Services And Healthcare Lead Sector Declines As Defensive Stocks Lag

By Dividend Channel Staff, Friday, April 10, 5:32 PM ET

Looking at the sectors faring worst as of midday Friday, shares of Services companies are underperforming other sectors, showing a 1.0% loss. Within the sector, Costco Wholesale Corp (NASDAQ:COST) and Sysco Corp (NYSE:SYY) are two large stocks that are lagging, showing a loss of 3.3% and 3.2%, respectively. Services shares often trade as a proxy for U.S. consumer demand, so underperformance in the group can signal a more cautious tone around spending-sensitive areas of the market.

Among the largest ETFs, one ETF closely following services stocks is the iShares U.S. Consumer Services ETF (NYSE:IYC), which is down 0.6% on the day, and down 3.08% year-to-date. The fund tracks an index of U.S. consumer services companies including retailers, media, hotels, restaurants, and other service-oriented businesses, providing diversified exposure to the segment. Costco Wholesale Corp, meanwhile, is up 15.87% year-to-date, and Sysco Corp is roughly flat on a year-to-date basis. COST makes up approximately 4.4% of the underlying holdings of IYC, so weakness in Costco shares can have a noticeable impact on the ETF's short-term performance.

Despite today's move lower, Costco has been one of the more resilient large-cap consumer names in 2024, supported by steady membership renewal rates and consistent same-store sales growth. Sysco, the largest food-service distributor in North America, tends to be more sensitive to restaurant and hospitality trends, and its flat year-to-date performance reflects a more mixed backdrop for away-from-home food demand. For investors, the divergence between today's pullback and the stronger year-to-date performance for some individual names underscores the importance of looking beyond a single trading session when assessing sector health.

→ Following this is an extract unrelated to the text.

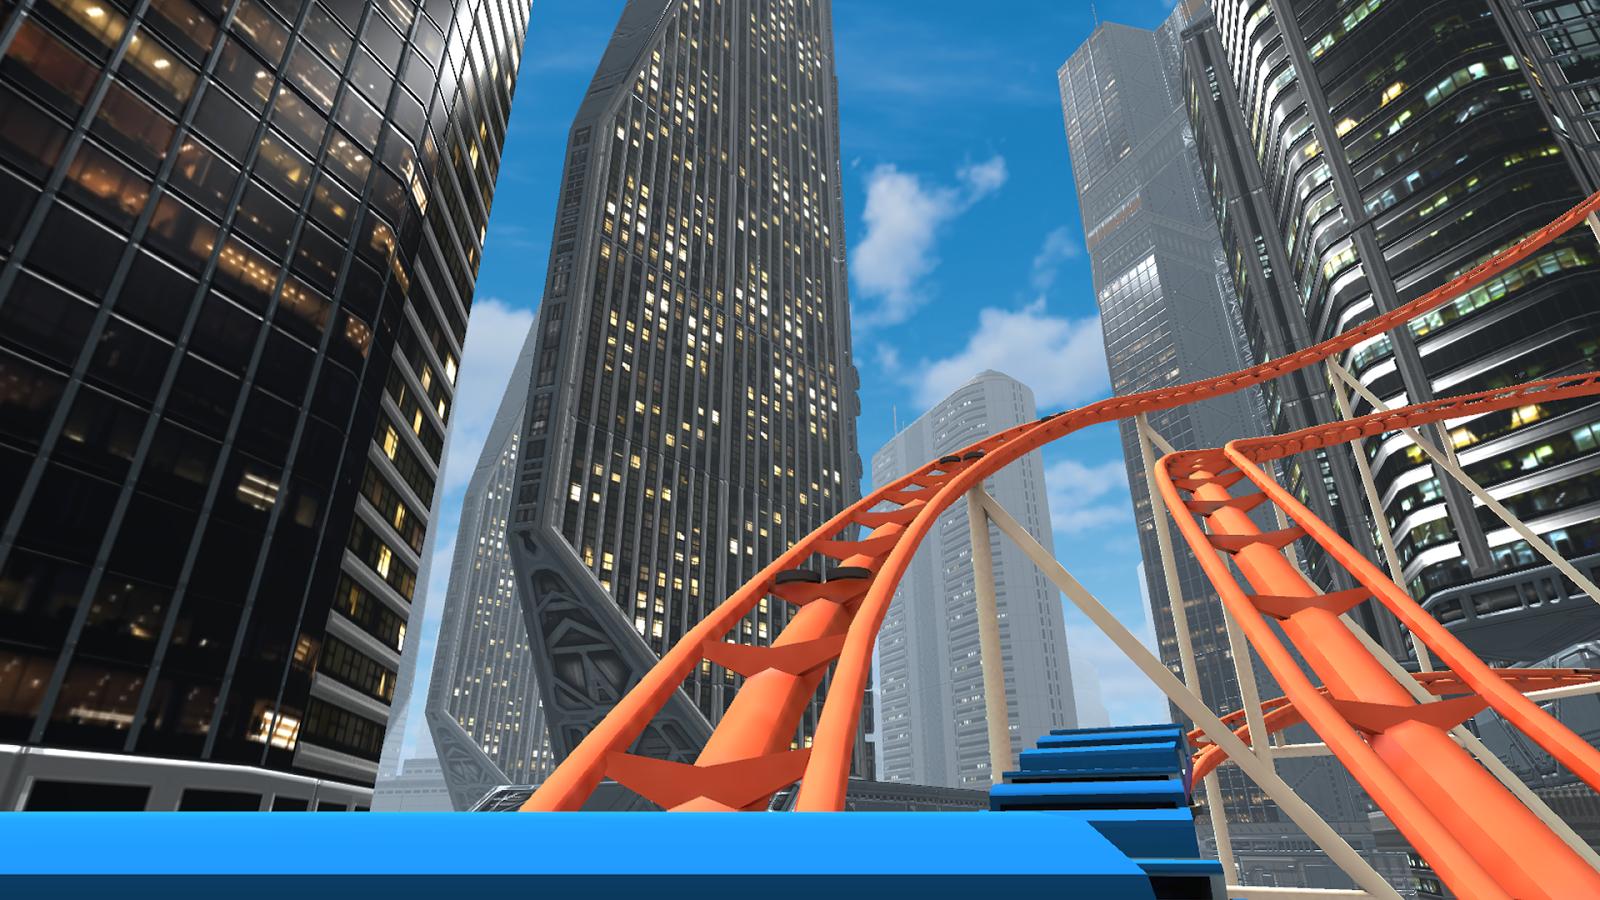 VR - Rollercoaster
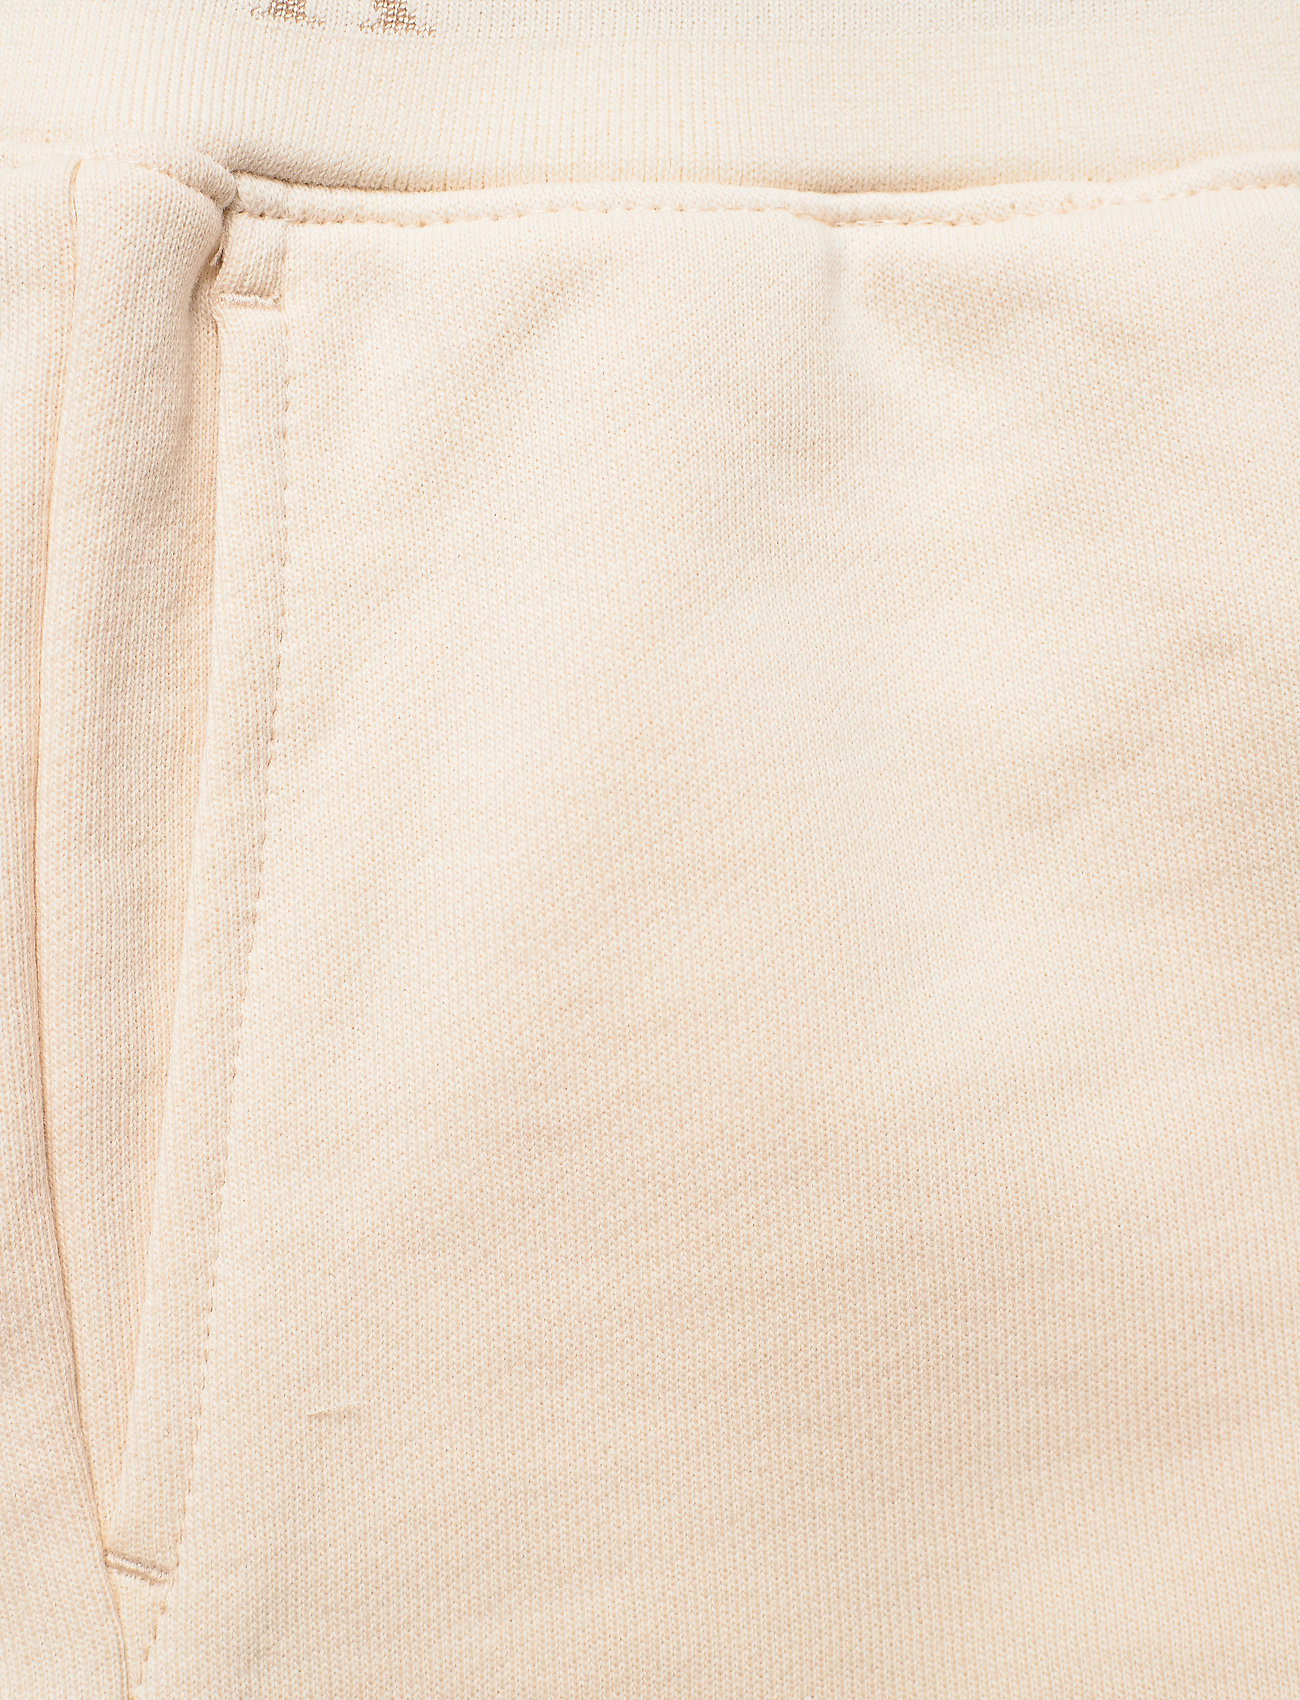 Calvin Klein Jeans - LOGO TRIM KNIT SHORT - casual shorts - white sand - 2

The next worst performing sector is the Healthcare sector, also showing a 1.0% loss. Among large Healthcare stocks, Labcorp Holdings Inc (NYSE:LH) and Idexx Laboratories, Inc. (NASDAQ:IDXX) are the most notable, showing a loss of 4.5% and 3.8%, respectively. One ETF closely tracking Healthcare stocks is the Health Care Select Sector SPDR ETF (XLV), which is down 1.2% in midday trading, and down 4.35% on a year-to-date basis. Labcorp Holdings Inc, meanwhile, is up 4.30% year-to-date, and Idexx Laboratories, Inc. is down 16.86% year-to-date. Combined, LH and IDXX make up approximately 1.3% of the underlying holdings of XLV.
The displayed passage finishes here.